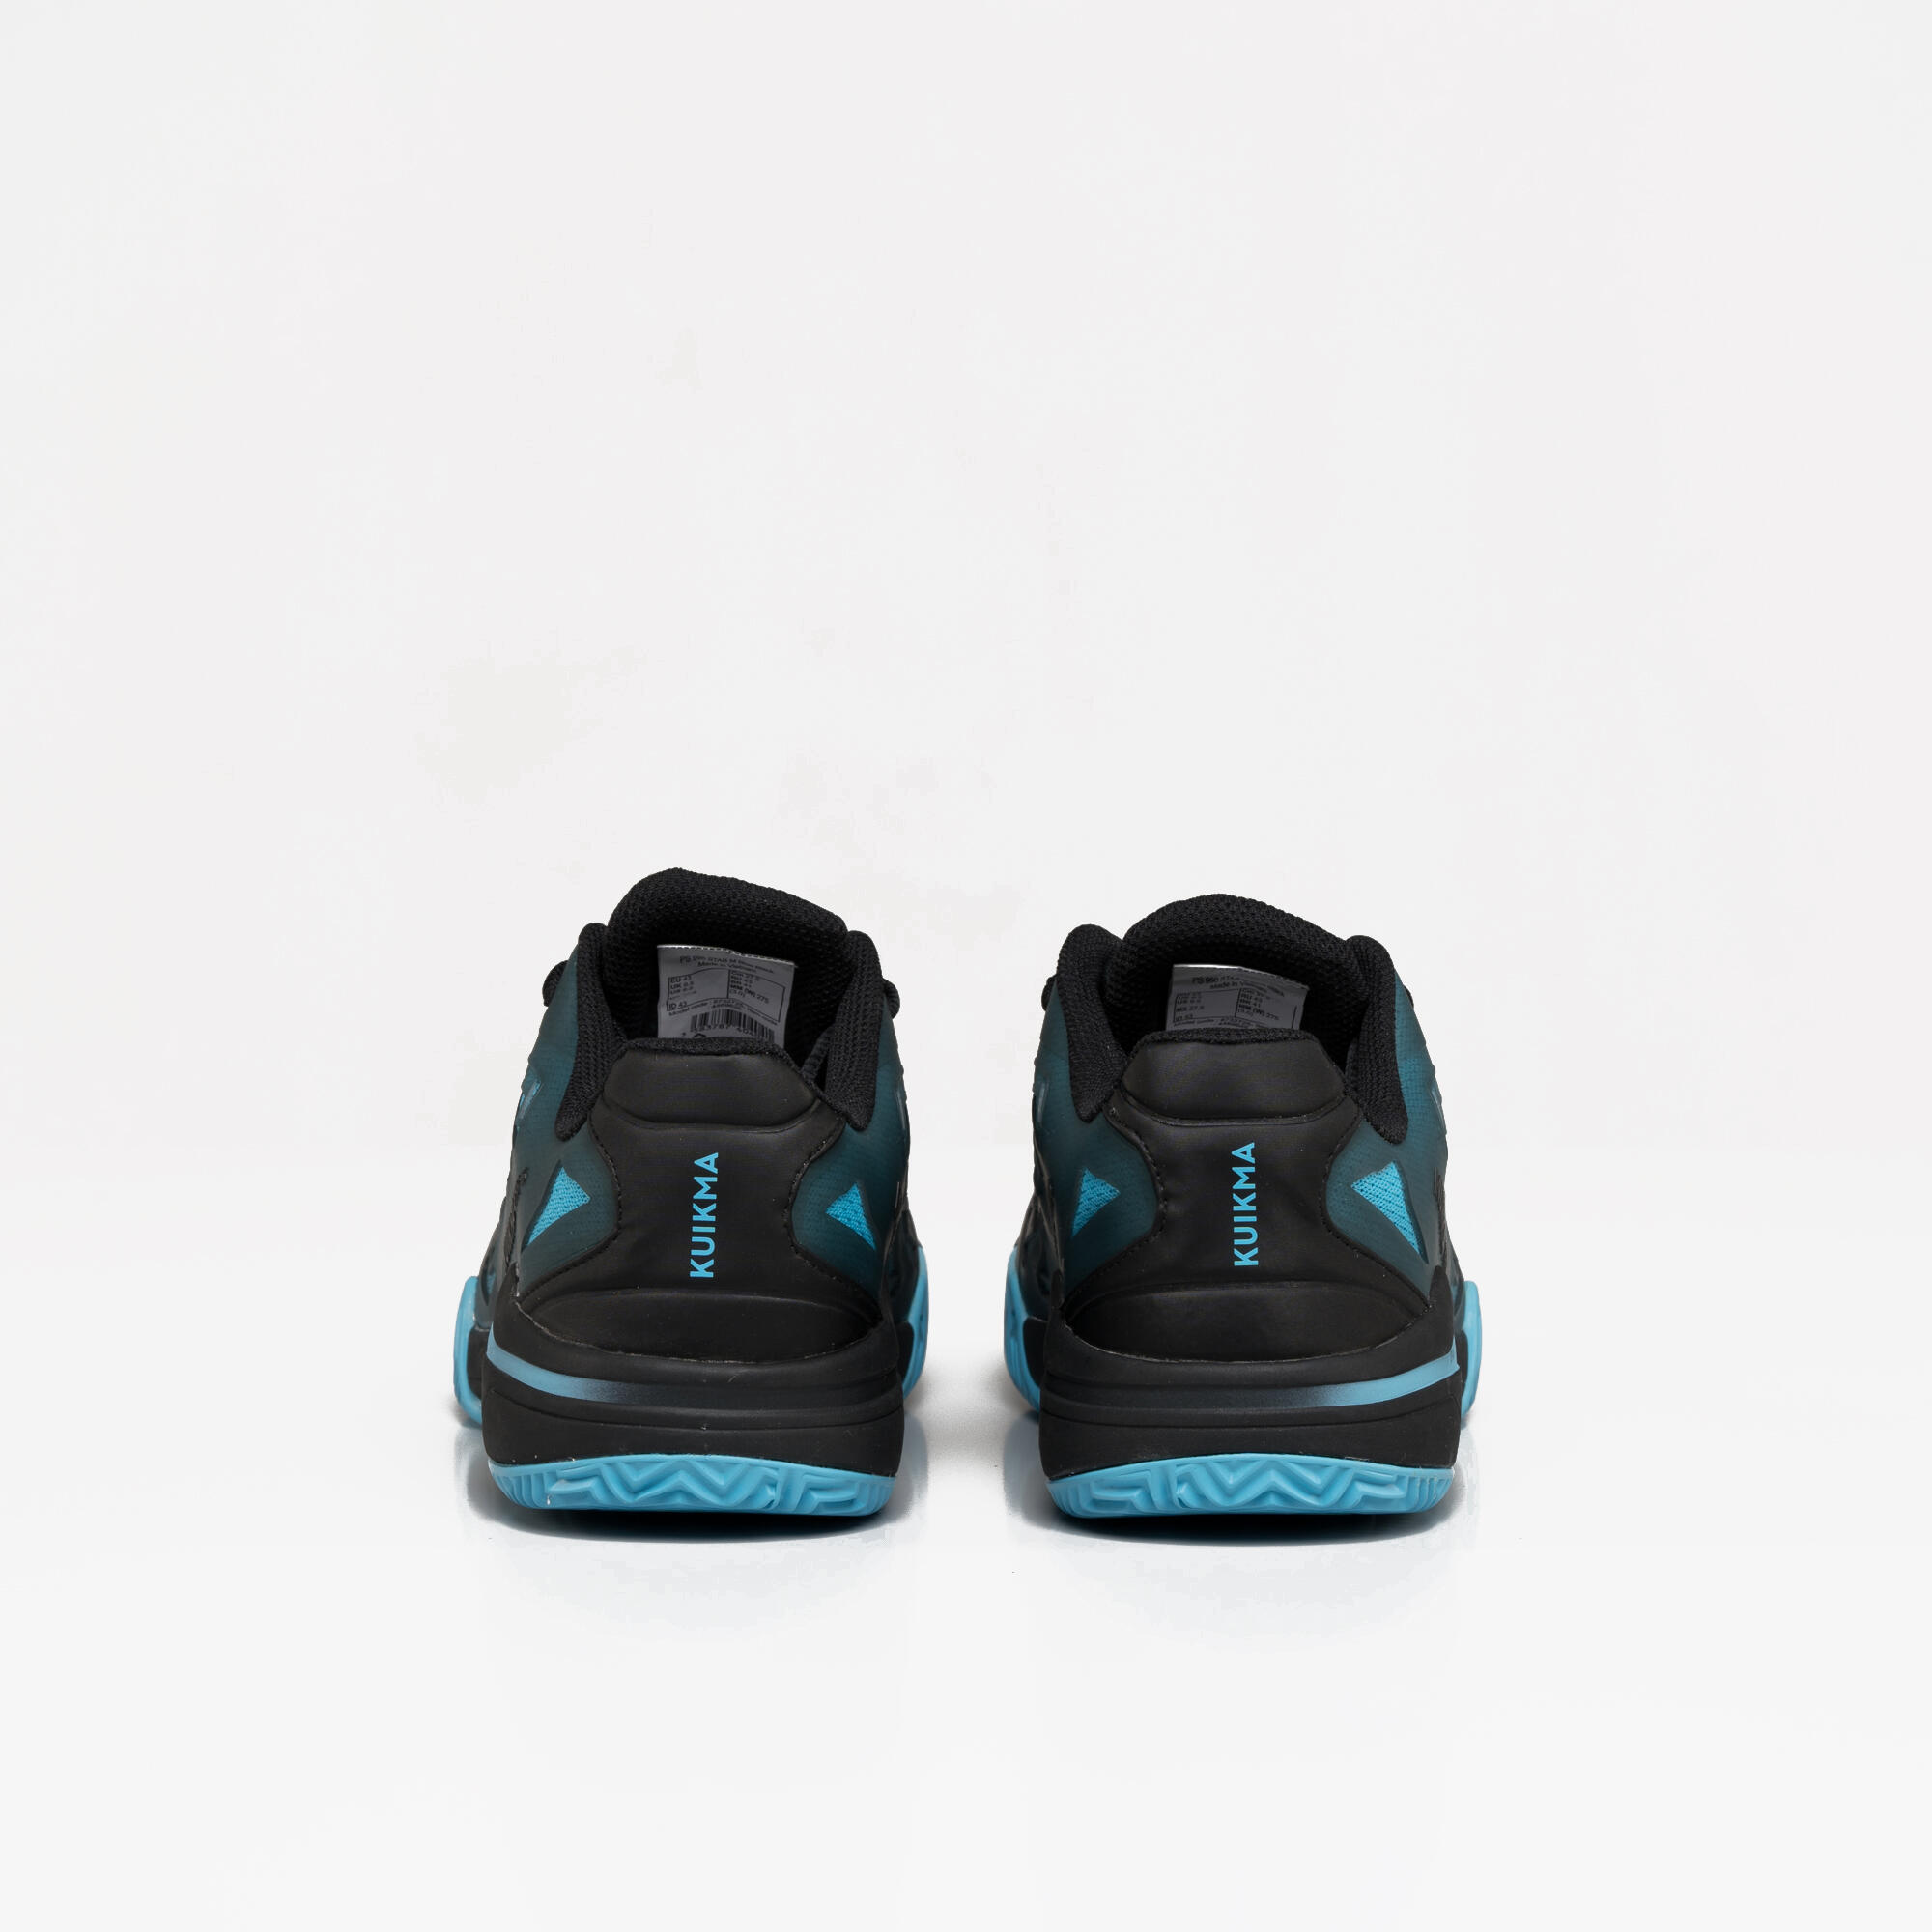 Men's Padel Shoes PS 990 Stability - Blue/Black 6/7
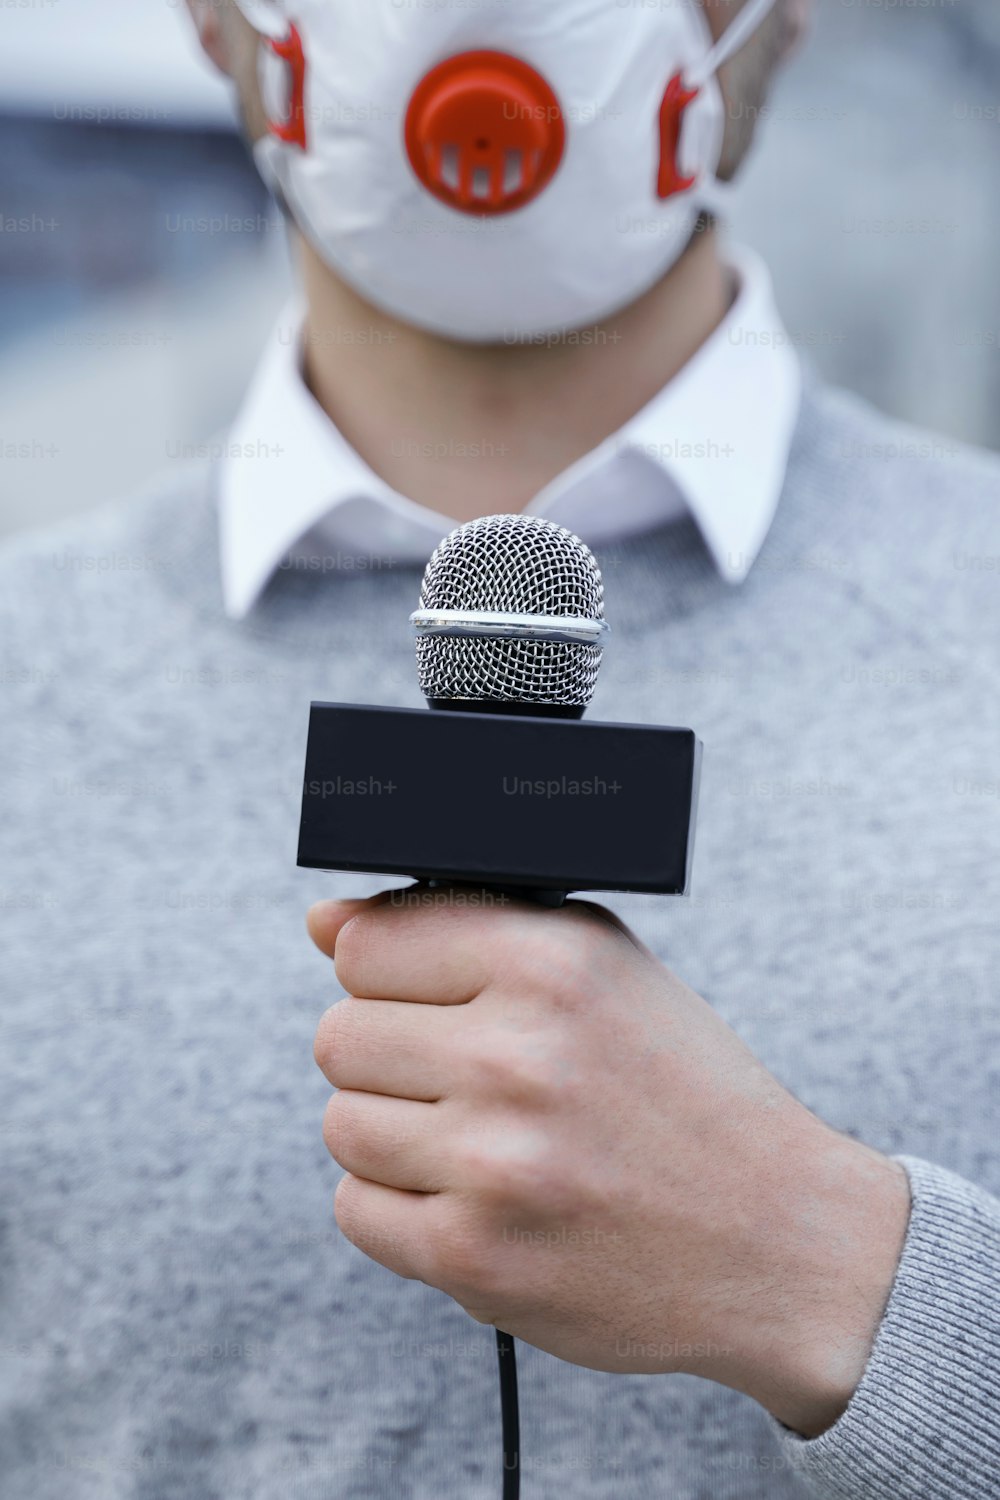 Nachrichtenreporter trägt eine Präventionsmaske und spricht während der Sendung in ein Mikrofon
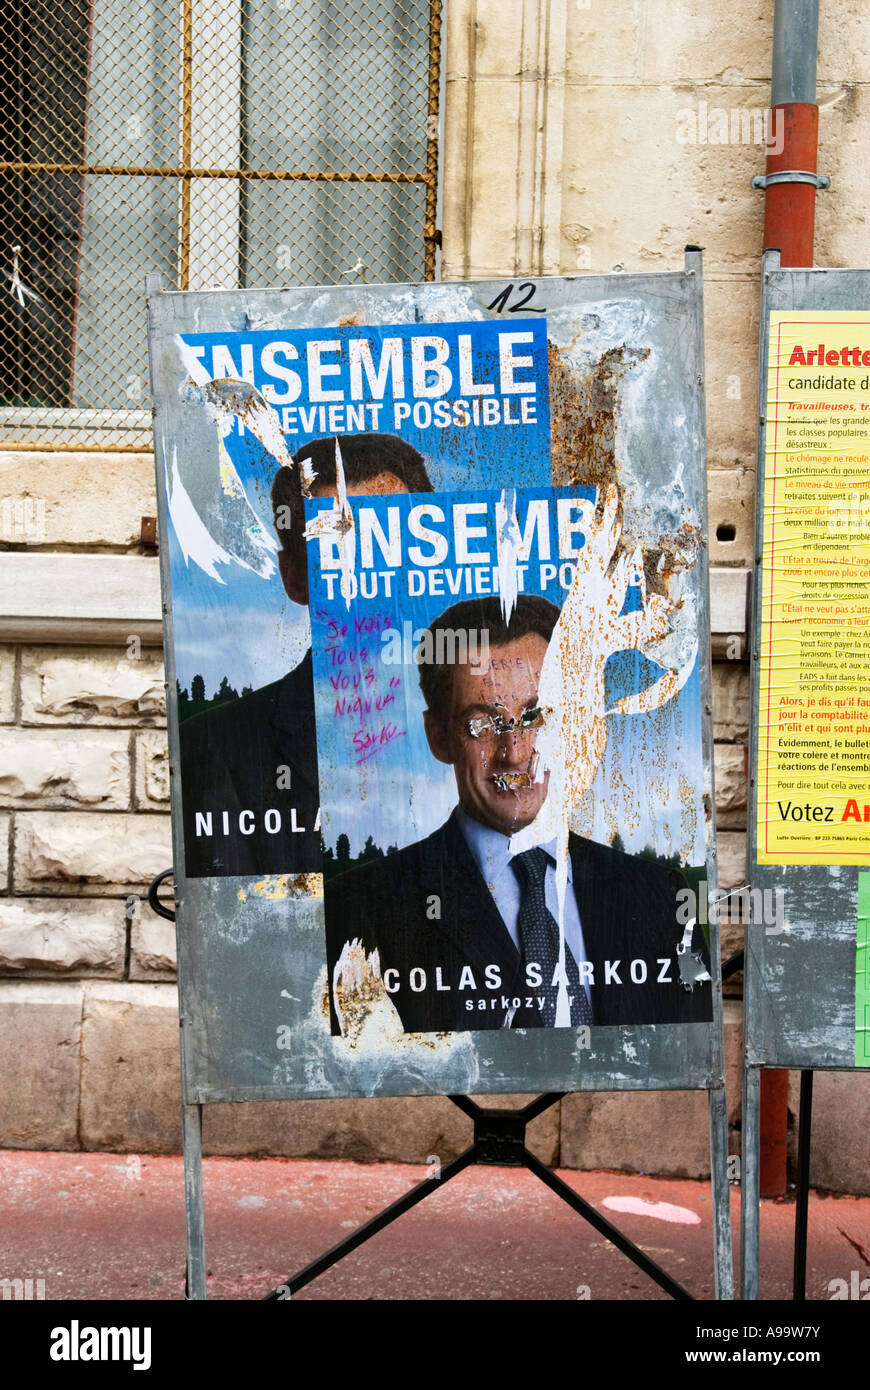 438 ein Wahlplakat der französischen Präsidentschaftskandidaten Nicolas Sarkozy während seiner Kampagne zu Office 2007 Stockfoto
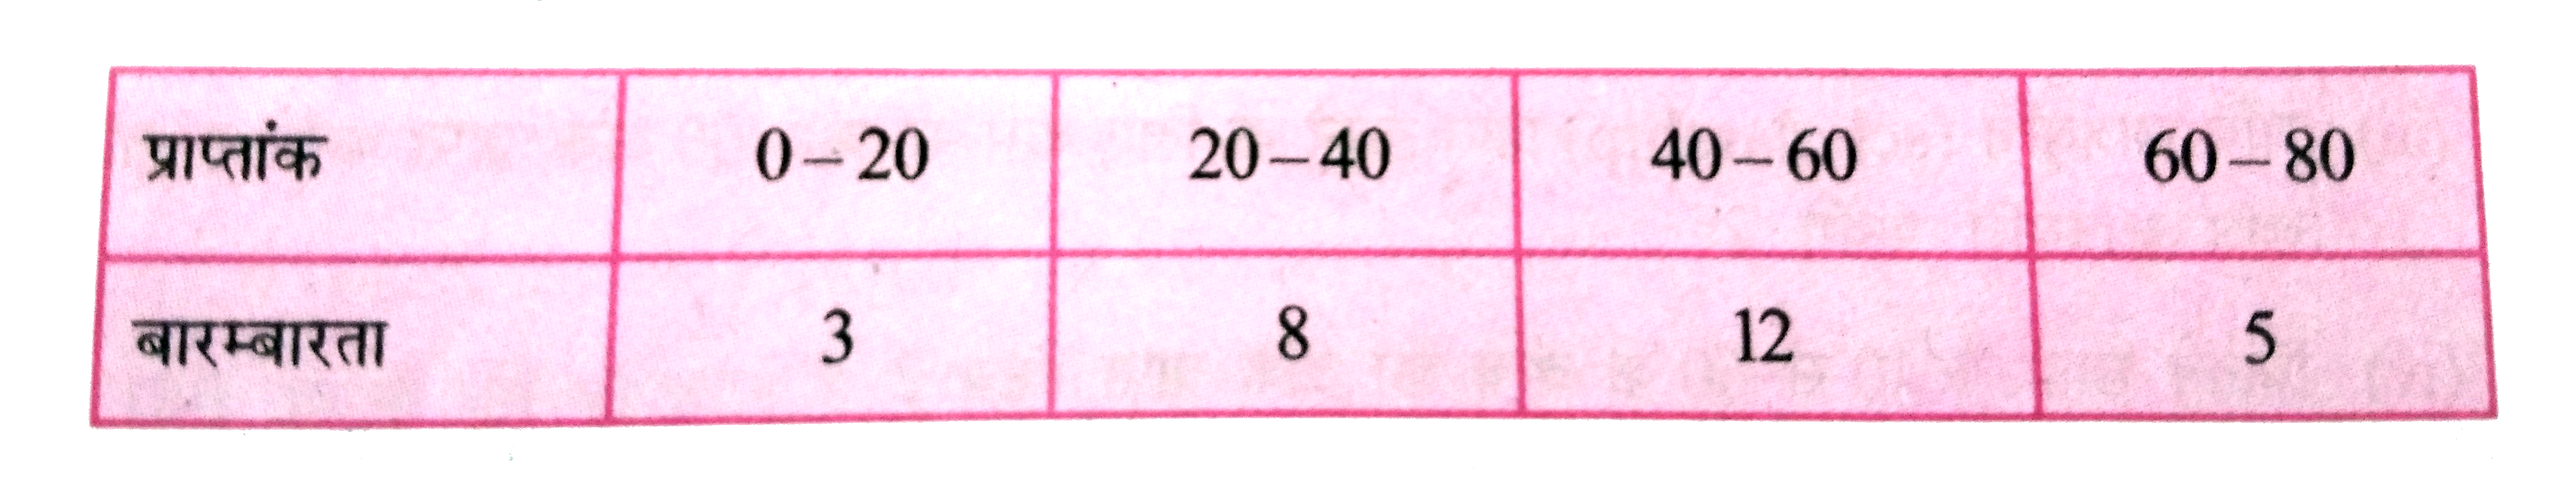 किसी कक्षा के छात्रों द्वारा प्राप्त अंकों की बारम्बारता सारणी निम्नलिखित है । संचयी बारम्बारता बंटन सारणी बनायें ।
= = = = = = =
Exercise details:
Only the words belong in your copy: restate the data above exactly and leave the images out.

Result for this task:
 Men's Padel Shoes PS 990 Stability - Blue/Black 6/7
 Nachrichtenreporter trägt eine Präventionsmaske und spricht während der Sendung in ein Mikrofon
 438 ein Wahlplakat der französischen Präsidentschaftskandidaten Nicolas Sarkozy während seiner Kampagne zu Office 2007 Stockfoto
 किसी कक्षा के छात्रों द्वारा प्राप्त अंकों की बारम्बारता सारणी निम्नलिखित है । संचयी बारम्बारता बंटन सारणी बनायें ।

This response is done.